Aussie AI

Chapter 34. Core Pinning

Book Excerpt from "C++ Ultra-Low Latency: Multithreading and Low-Level Optimizations"

by David Spuler, Ph.D.

Chapter 34. Core Pinning

What is Core Pinning?

Core pinning is a multithreading optimization where a thread is “pinned” to one of the cores to give it higher priority. This means that important thread that runs the hotpath can have guaranteed CPU availability, rather than waiting for the default thread scheduling algorithms. Hence, core pinning can be a solution to avoid lock contention worries or excessive context switch in the main hotpath thread.
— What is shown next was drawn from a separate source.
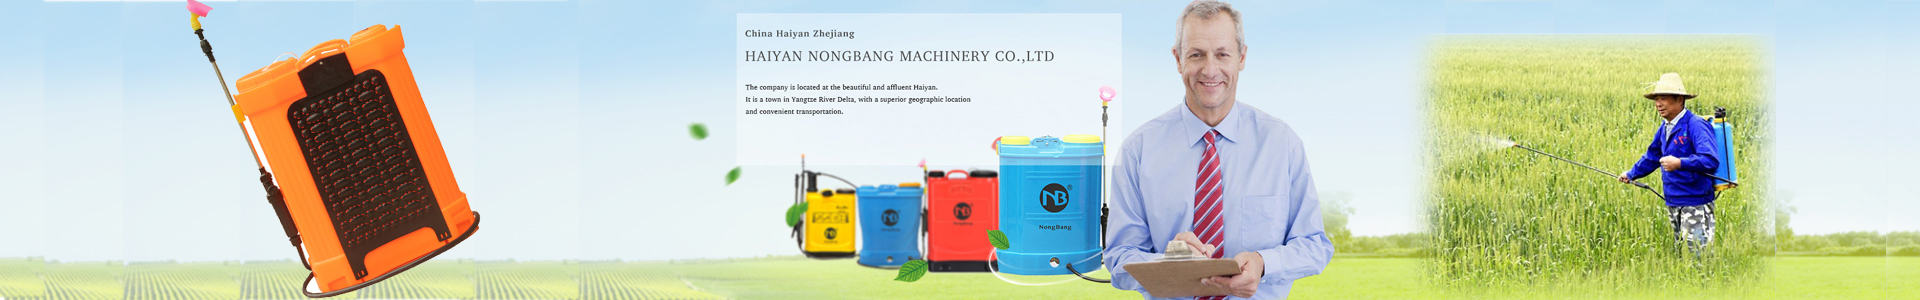 Haiyan Nongbang Machinery Limited Company

Core pinning is also called “thread affinity” and has multiple other names (e.g., “processor affinity” or “CPU affinity” or “CPU pinning”), but if you hear the words “pinning” or “affinity” in relation to threads, this is it.

Pinning has other meanings in related architectures. There’s a higher-level type of pinning whereby whole processes or applications are pinned to a CPU core by the operating system, rather than just a single thread, which isn’t quite the same thing. Note also that CUDA C++ has another type of “pinned memory” for GPUs, but that’s a memory upload optimization rather than a compute improvement.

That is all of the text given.